I’ve been telling you for ages now about how healed I finally feel years after I left the abusive relationship. Therapy, this blog and time were a really helpful trio is aiding this and I feel mentally more healthy in so many ways.
I’ve accepted as fact though that I’ll always have my little ‘issues’ left over from that relationship. I accepted I’d been damaged and some of that was irreparable, but that’s life I just had to get on with it.
You see I’ve come to realise many of my ‘little issues’ are in fact not mine at all and there’s no chance I’m carrying around someone else’s baggage around with me forever.
Let me try to explain…
My lack of confidence in my parenting ‘issue’
Yep that was never mine.
I think I’m doing an OK job. Some days I’m supermum, some days I’m locking myself in the bathroom and wondering what on earth I’m meant to be doing. I’ve come to realise this is how many (dare I say most) parents find parenting. A roller coaster of joy and worry?
The issue here belongs to the person so aware of his own crap parenting that he needed to make someone else doubt themselves at every turn to make himself feel better and essential to my existence.
He can have that one back.
My emotional ‘issues’
Yeah I’m cold and unfeeling. I struggle to express my emotions and in fact emotions as a whole terrify me…
Here I am, in this very blog expressing my feelings and emotions. To other people. Often over sharing in fact (sorry about that! )
It turns out I feel a whole myriad of emotions which from time to time I even manage to express quite articulately (ssshhh don’t tell about the rogue grammar and excessive exclamation marks!)
The issue here was with the person who stifled my emotions in the first place, who belittled me expressing my feelings. The person so threatened by a chatty, intelligent, ambitious woman he had to squish all that out of her by one way or another.
He can certainly have that one back.
The icy ‘keep away’ wall that lingered around me long after he did should have only ever have been built around him… . Preferably with no door. .. and a with a lid… and then buried. …. Anyway I digress… but yes, not my issue.
My intimacy ‘issues’
This was quite a clever one to make me believe was mine. It allowed him to retain a bit of power long after he’d gone.
I hate touching and affection – well seems when I’m relaxed and comfy in another persons company I’m actually quite the fan!
If I let another person see me naked what with me being so grotesque his eyes would dissolve at the sight. – trickier to get over this one, I grant you. We suffer enough with body confidence as women as it is, particularly when you’re a mum.
After an abusive relationship though when that’s been a huge weapon in his armour you’re going to disregard anything positive a new person will tell you, ignore compliments. The ‘fat and ugly’ voice in your head is louder. Not forever though. When a positive, complimentary voice is consistent and you choose to allow THAT voice to be louder… Well it turns out the ‘fat and ugly’ voice shuts up eventually.
A multitude of sex ‘issues’. I was probably best celibate forever –
Again, tricky. I decided to own this one though. Warn anyone I got involved with how awful at sex I am. I may have used the line “honestly if I was reviewed like on TripAdvisor I’d get 1 star” (a REAL issue I have is thinking I’m funny-it’s a family thing)
Turns out (and I detect a recurring theme here. .. Comfortable… Relaxed. . ) not my issue either!

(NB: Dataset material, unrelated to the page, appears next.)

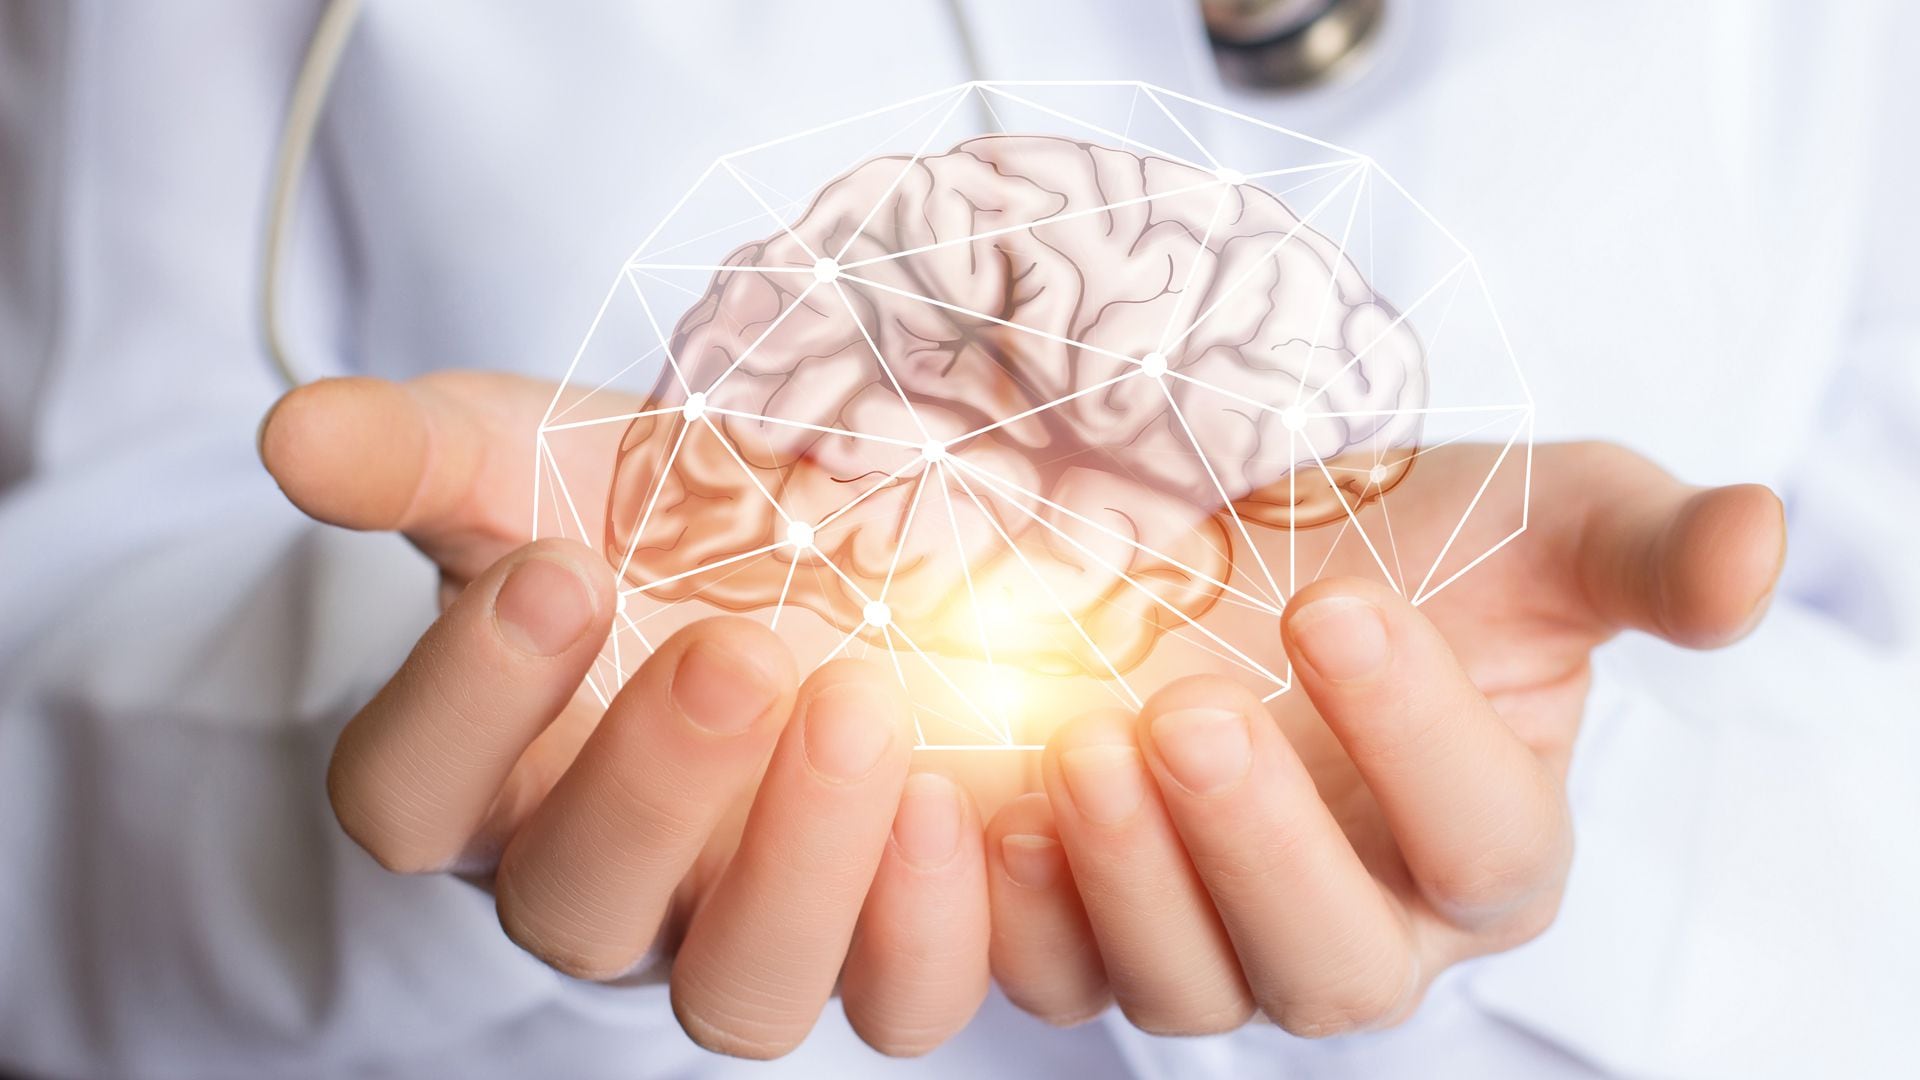 Los científicos descifraron los mecanismos detrás de la disfunción cognitiva y el deterioro motor en enfermedades neurológicas, según informaron
(Getty)

They were the issues of a man who needed me to totally believe the only person who would ever be interested in me was him.
These are getting so much easier to return to sender.
After all the big stuff this is going to sounds daft. The ‘issue’ I got worked up over the most though was that I knew, definitely I’d never ever be able to sleep in a bed with a man.
How would I explain this to a new boyfriend I was trying to enthrall and interest? Where in all the flirting do you slip in “can you sleep on the sofa please a man in my bed freaks me out”
Come on , you can’t do that I’d think to myself . It’s OK I’d just lay in bed and pretend to sleep. Keep up the illusion of being a normal human.
That’s genius…Oh except ..I can only even fake sleep if I’m at the side of the bed nearest the door. I can’t possibly even breath if there’s a person laid between the door and I , he’s going to spot the crazy there immediately.
I was a lost cause, how sexy is a panic attack at 2am because you’re at the ‘wrong’ side of the bed?
This turned out to be the most insignificant worry ever. Again – relaxed and comfy around the right person I can sleep soundly, even more amazing I didn’t even realise I’d slept the whole night at the wrong side, away from the door, until much later.
This one had been my issue. Caused by another persons behaviour then magnified ridiculously by my own brain.
So if I could overcome issues that were partly mine. Well the ones that belonged to other people, mislabelled as mine? Certainly time they were packed into the suitcase marked ‘Someone Else’s Baggage’ and said goodbye to for good!